TASK INPUTS:
= Beginning of Section =
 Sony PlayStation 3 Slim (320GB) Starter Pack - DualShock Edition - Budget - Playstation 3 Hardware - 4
= End of Section =
= Beginning of Section =
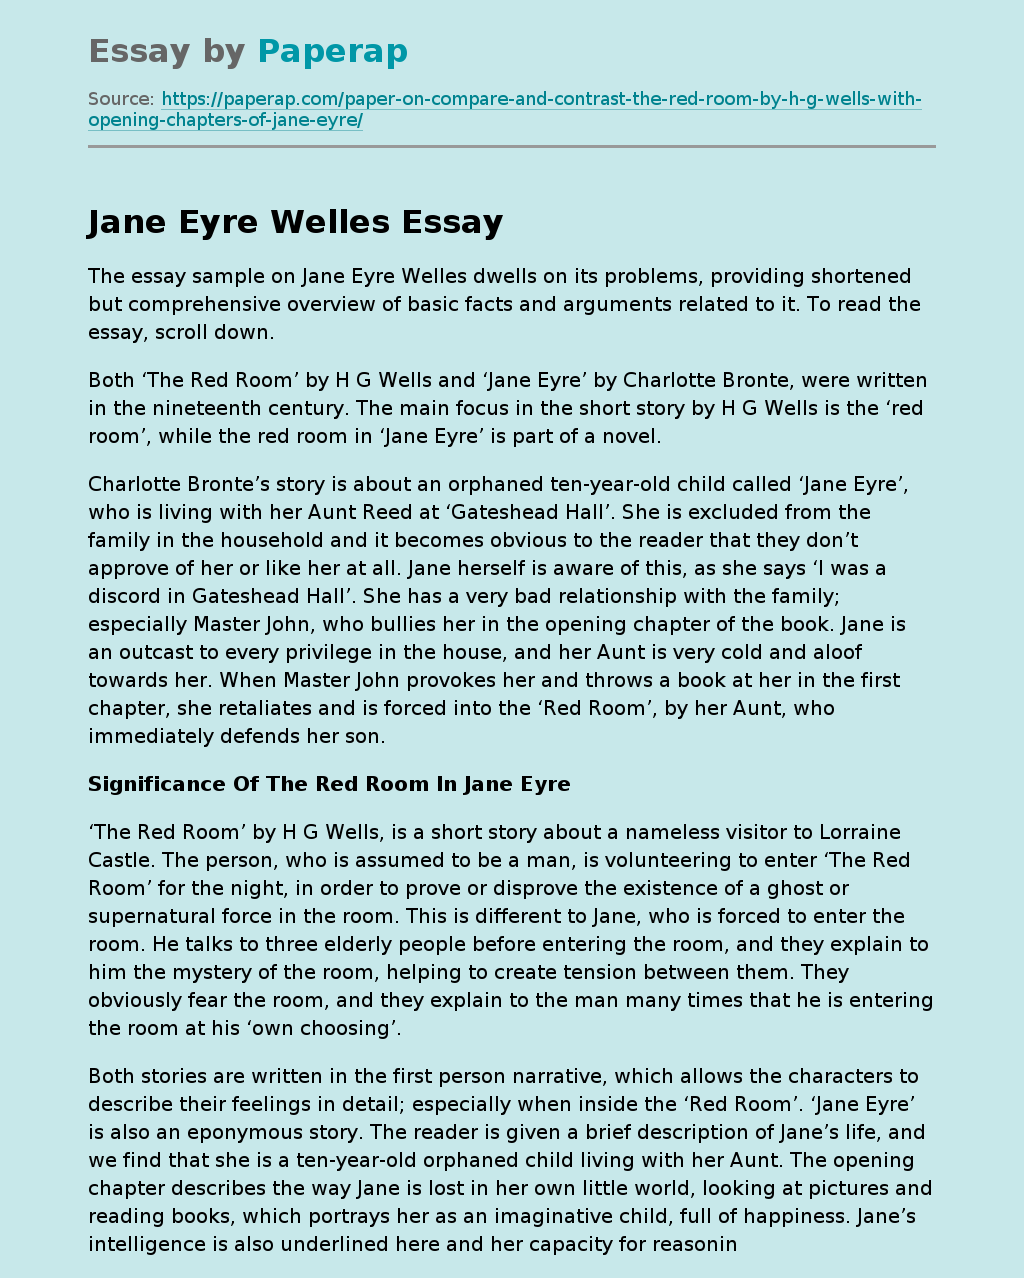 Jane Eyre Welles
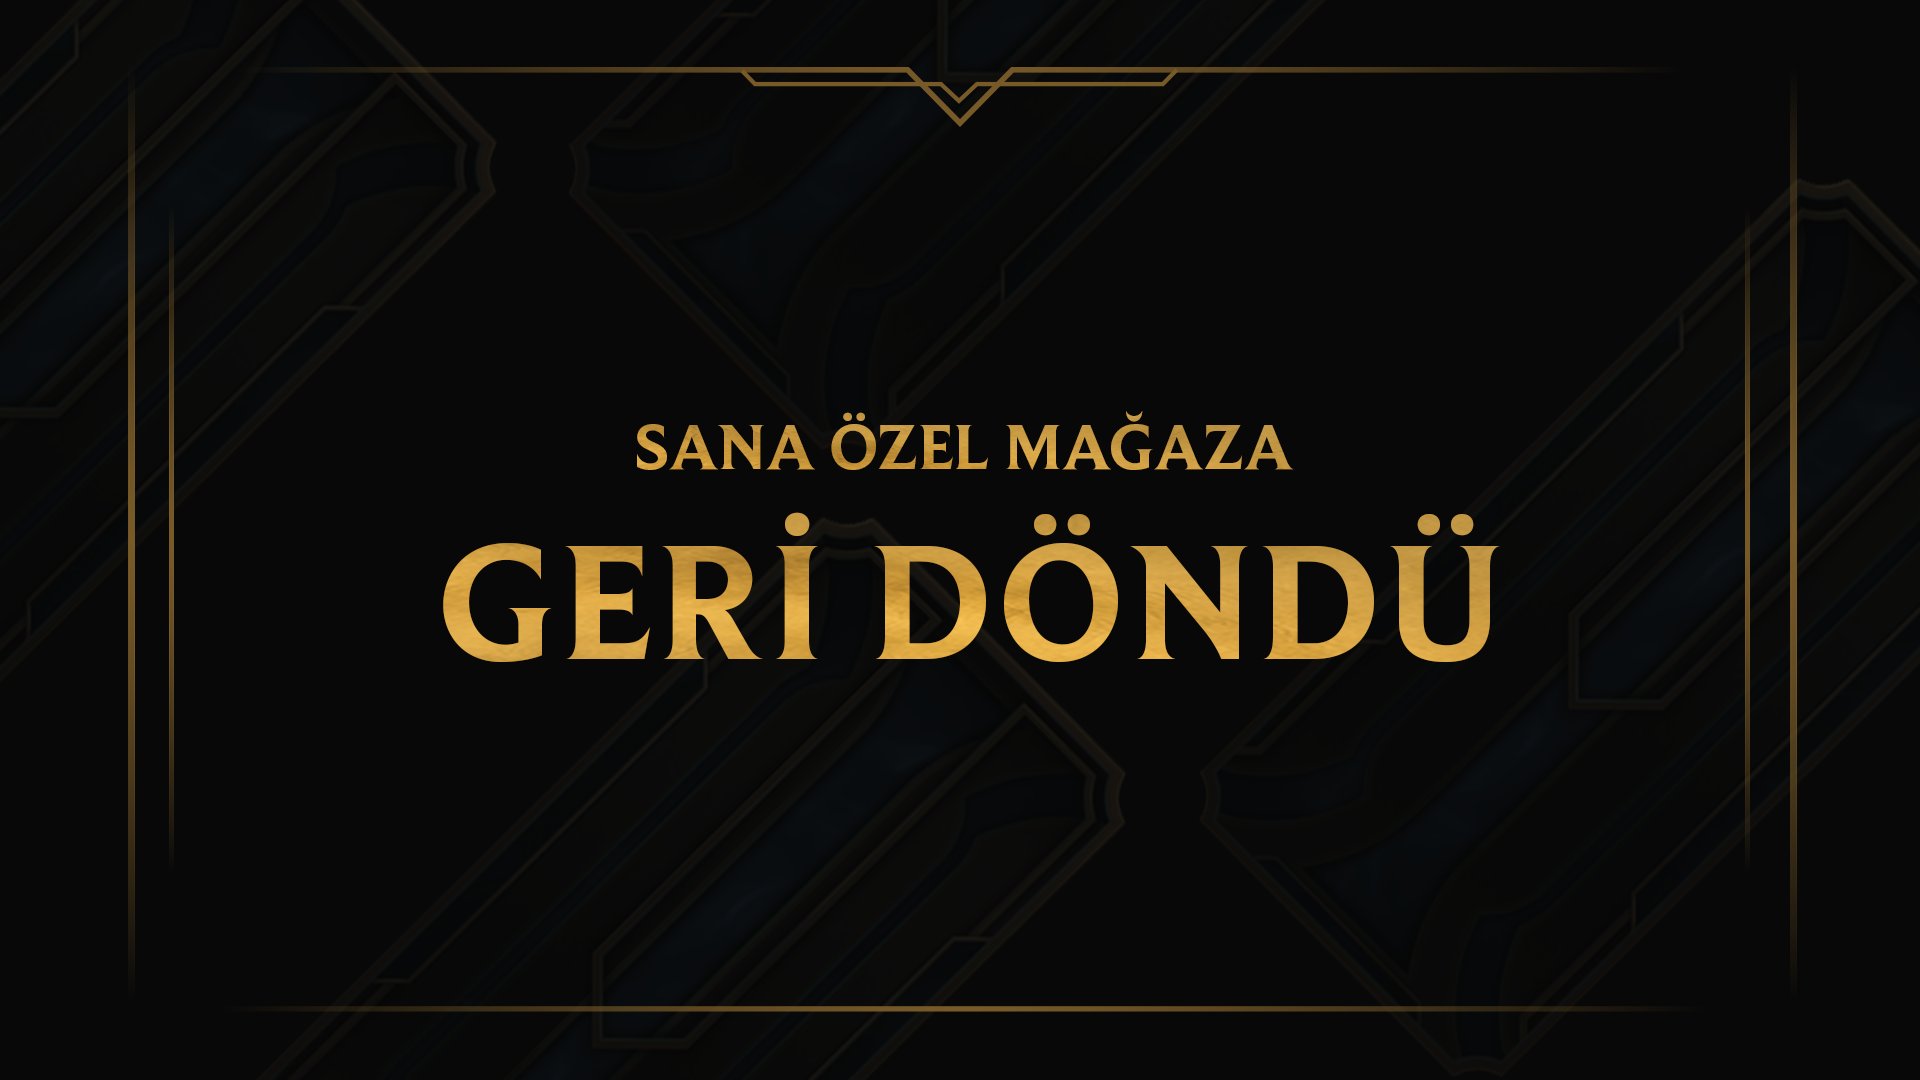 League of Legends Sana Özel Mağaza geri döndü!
= End of Section =
PROBLEM STATEMENT:
Print exactly the lines above that run from the one with "Jane Eyre Welles" to the one with "League of Legends", both included. No pictures.

RESPONSE TO THIS TASK:
 Jane Eyre Welles
 League of Legends Sana Özel Mağaza geri döndü!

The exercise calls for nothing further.